Over time, you can use the more advanced Karvonen formula to attain a more accurate target heart rate (THR). This method incorporates resting heart rate (RHR) with age, and leads to heart rate zones substantially higher than the “220 minus age” approach. The Karvonen formula is:
THR = [(MHR – RHR) x target percentage] + RHR
For example, where 220 – age = MHR, a 37-year-old with a resting heart rate of 65 would calculate his 75 percent THR as follows:
220 – 37 = 183 for MHR
[(183-65) x .75] + 65 = (118 x .75) + 65 = 88.5 + 65 = 153.5
As we can see, the 75 percent THR of 153.5 is much greater than simply taking 75 percent of the MHR of 183 (~137). Therefore, simply moving from “220 minus age” to the Karvonen method can increase intensity quite a bit.
If you want even greater accuracy, and the ability to adjust THR based on daily stress levels, I recommend picking up a Morpheus. This tool, created by well-regarded strength and conditioning specialist Joel Jamieson, takes into account factors such as sleep, heart rate variability, muscle soreness, and subjective well-being to give you a different training zone each day. In my experience, these adjustments provide more appropriate targets for any given day, and allow for more consistent training without overtraining.
Varying mode, intensity, and duration
In my experience, the most important factor for programming cardiovascular fitness is variability.
This means we want as many options as possible for elevating and attaining a THR for an intended time period.

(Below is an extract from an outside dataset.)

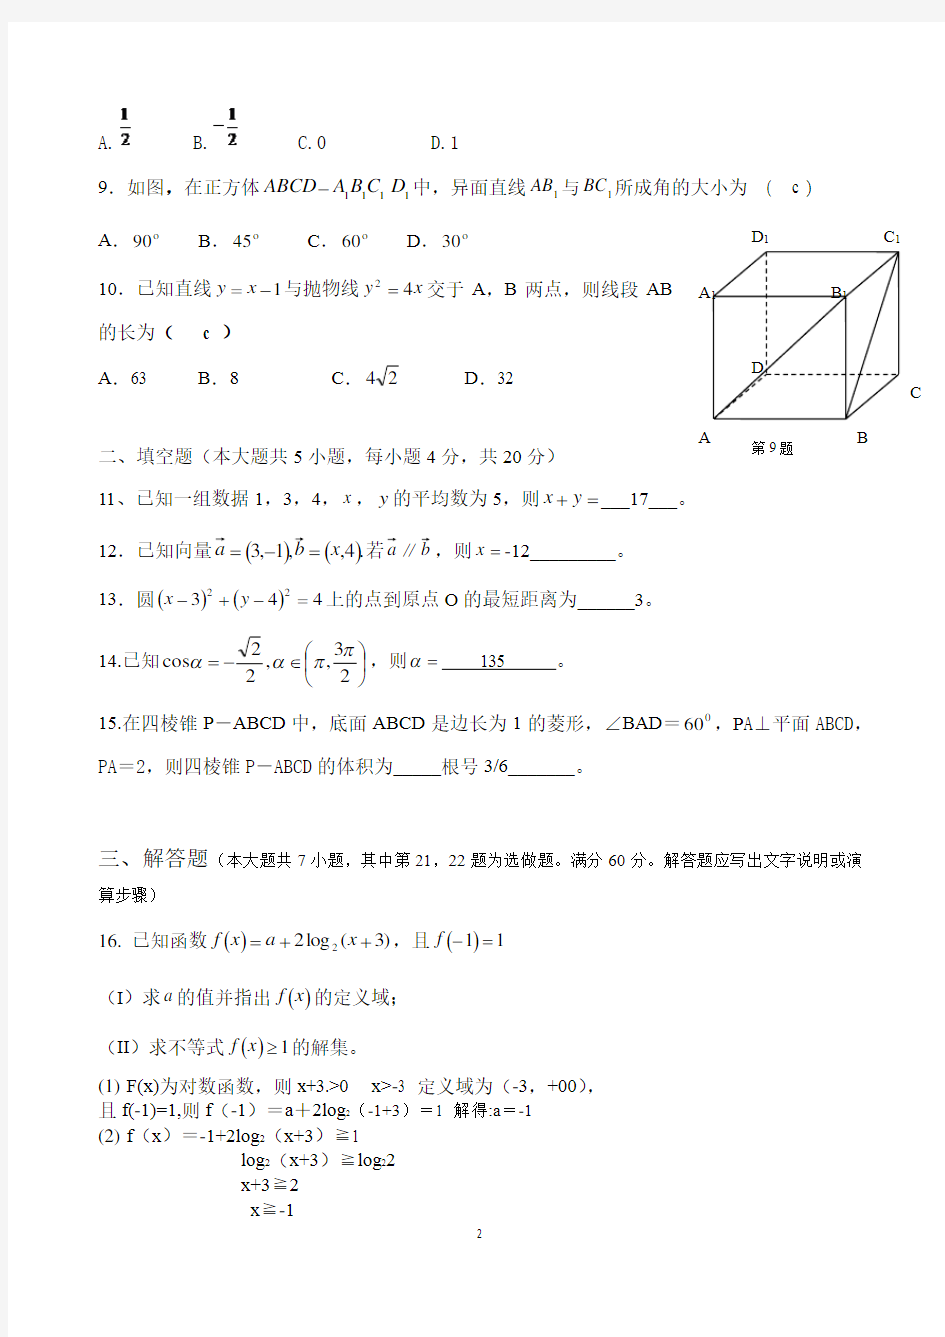 湖南省2014年高考对口招生考试数学真题

These options allow us to reduce boredom, improve athleticism, and limit the inevitable joint strain that comes from performing the same movements in the same way over and over.
Finding variability starts with exploration, as discussed earlier. Along with varying movements and training modes, we also want to vary the intensity of the heart rate zones attained, as well as the duration spent within them.
Generally, the higher the heart rate zone, the lower the duration, and vice versa. For an example of how this programming all comes together, follow the link for a sample 12-week program.
Step 4: Reassess
This final step involves simply re-testing the baselines found in step 2. As a review, we found baselines for the following:
- Resting heart rate (RHR)
- Heart rate recovery (HRR)
- Estimated maximal oxygen consumption (VO2 max)
We will be routinely reassessing our RHR and HRR at least weekly. For the estimated VO2 max test, we can re-measure it about every four weeks to track our progress as we move through the program.
As a word of warning, try not to get discouraged if progress with these numbers isn’t linear. There are many variables at play (sleep, stress, testing position).
Therefore, when reassessing, pay attention to larger trends demonstrating obvious progress, rather than small changes day to day. Many heart rate tracking apps, such as Polar, Fitbit, and Morpheus, plot and save the data from your workouts making these trends easy to visualize.
Furthermore, progress is often felt qualitatively as much as quantitatively, so keep an eye out for the following changes:
- It feels easier to be consistent with training.
- It feels easier to attain or maintain the THR zones programmed.
- You feel more athletic by being more proficient with a wider variety of movements.
Conclusion: Final thoughts on better cardio
Cardiovascular exercise is too valuable for our health to be “hated.” The popular disdain from cardio stems from misunderstanding or a lack of creativity. As a trainer, you can do better—and you’ll provide much better service to your clients as a result.
The simple acts of monitoring your heart rate and training within heart rate zones will completely change your mindset. Start simple with the “220 minus your age” and then progress to more accurate (and challenging) heart rate training methods.
Remember: Any movement can be cardio if you’re paying attention to your heart rate. Set zones and stick with them during workouts. Varying intensity, duration, and movement will help your clients feel like younger, healthier versions of themselves.